Flux.jl icon indicating copy to clipboard operation
Flux.jl copied to clipboard

Implemented vectorized LRNorm

Open thebhatman opened this issue 6 years ago • 11 comments

Added function for Local Response Normalization. Reference: https://papers.nips.cc/paper/4824-imagenet-classification-with-deep-convolutional-neural-networks.pdf. The previous PRs on adding LRNorm used for loops and indexing, due to which automatic differentiation was not supported.
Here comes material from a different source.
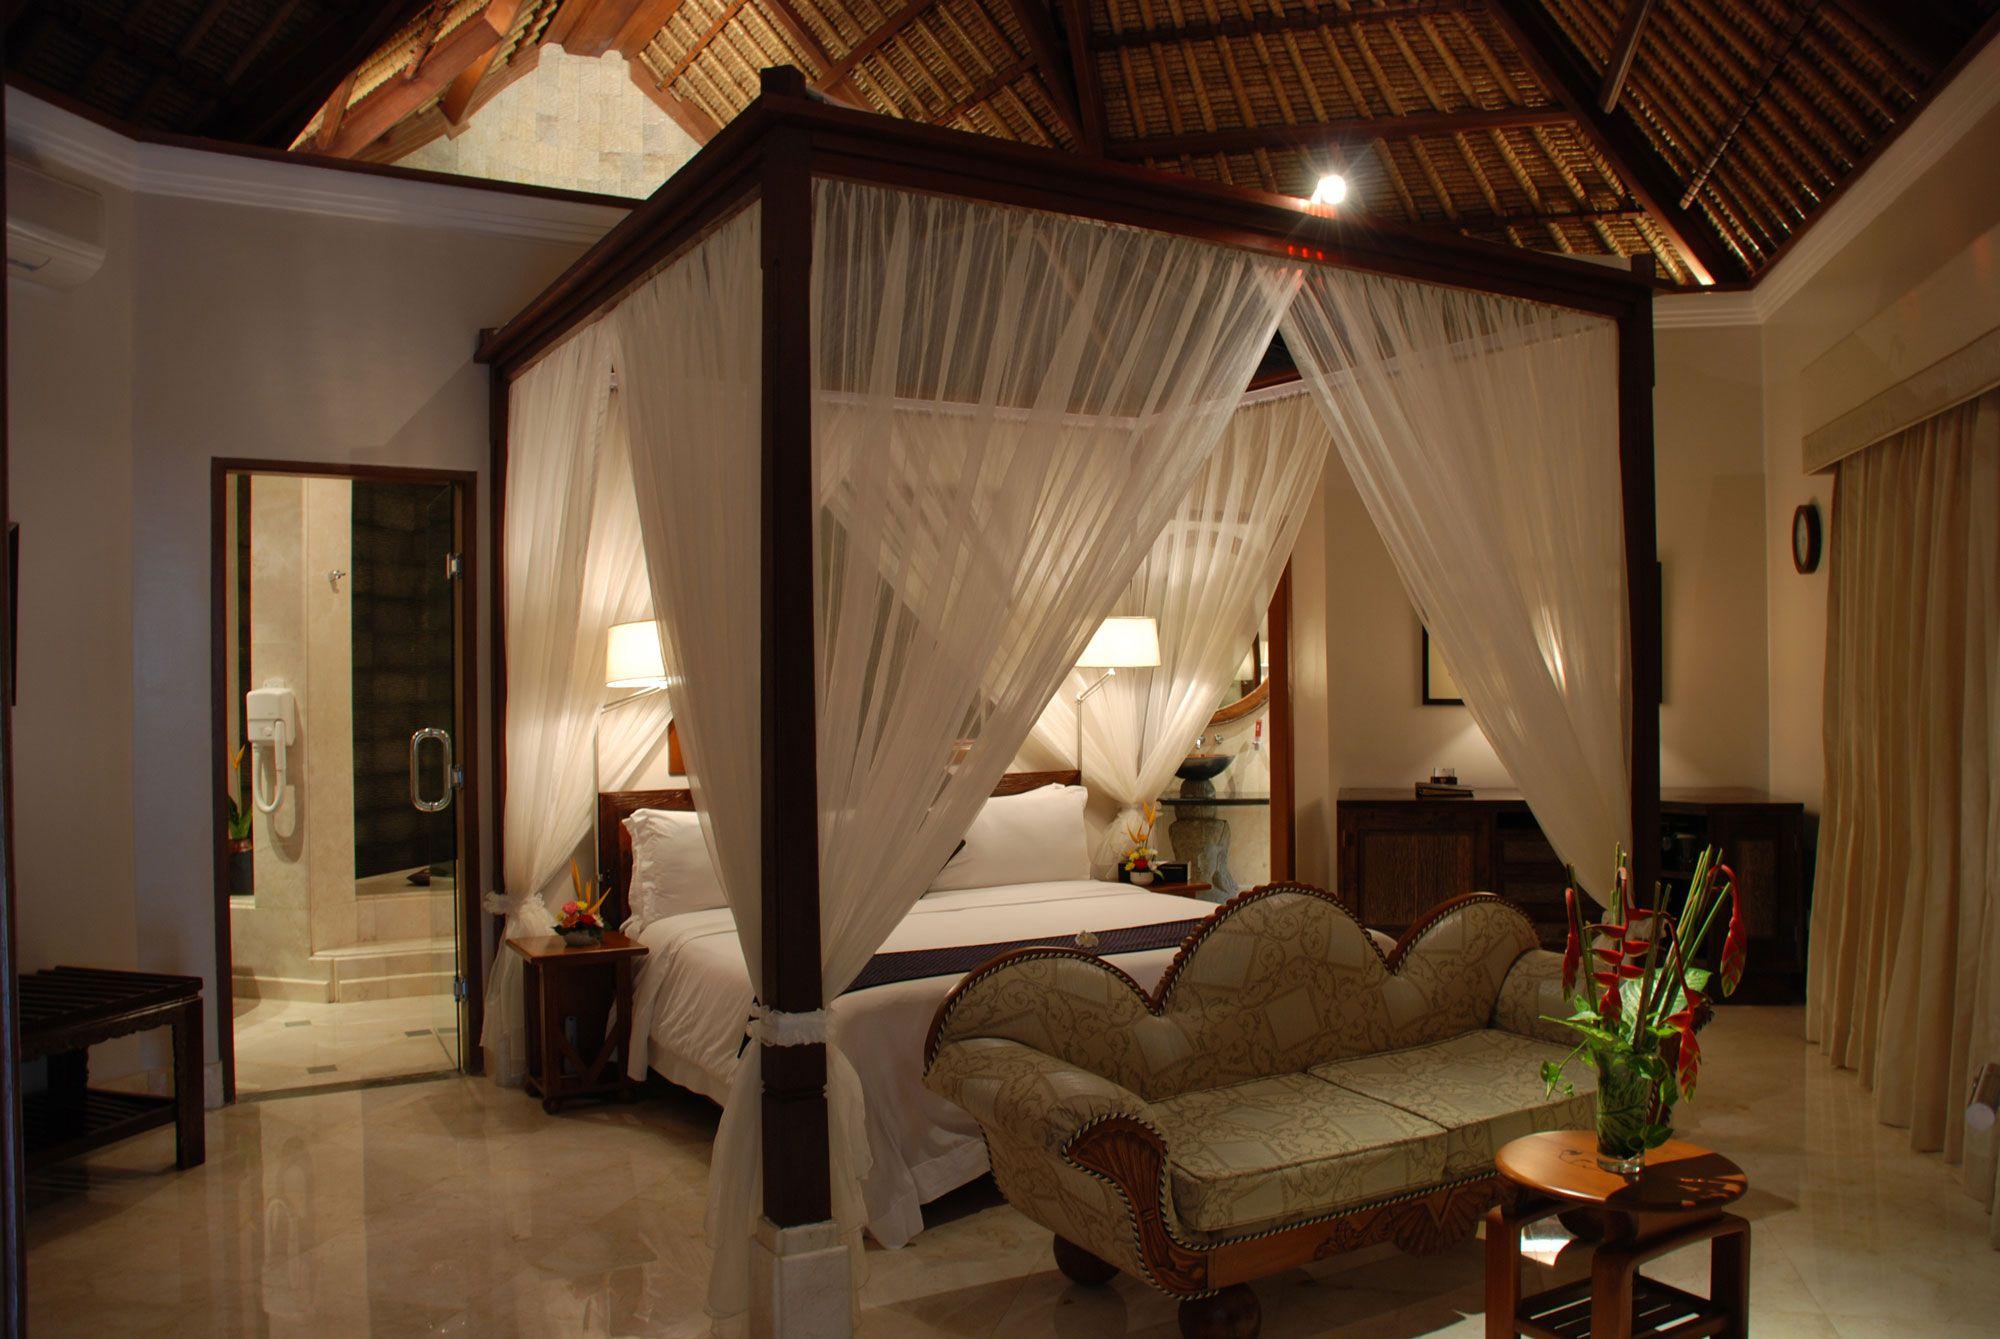 Hotel Room Design Ideas That Blend Aesthetics

I have implemented a vectorized version of LRNorm.

thebhatman avatar Mar 30 '19 10:03 thebhatman

I have added tests for Local Response Normalisation.

thebhatman avatar Apr 04 '19 11:04 thebhatman

Travis CI details say there were 4 errored tests. But the tests I added for LRNorm passed. The errored tests are coming from iris dataset, if I am not wrong.

thebhatman avatar Apr 04 '19 12:04 thebhatman

@staticfloat I have made the requested changes. What kind of tests would be appropriate?

thebhatman avatar Apr 16 '19 11:04 thebhatman

I have added tests by comparing with tensorflow's LRN. The output values are approximately equal and comparable. So I have rounded off both outputs to two digits and then compared them.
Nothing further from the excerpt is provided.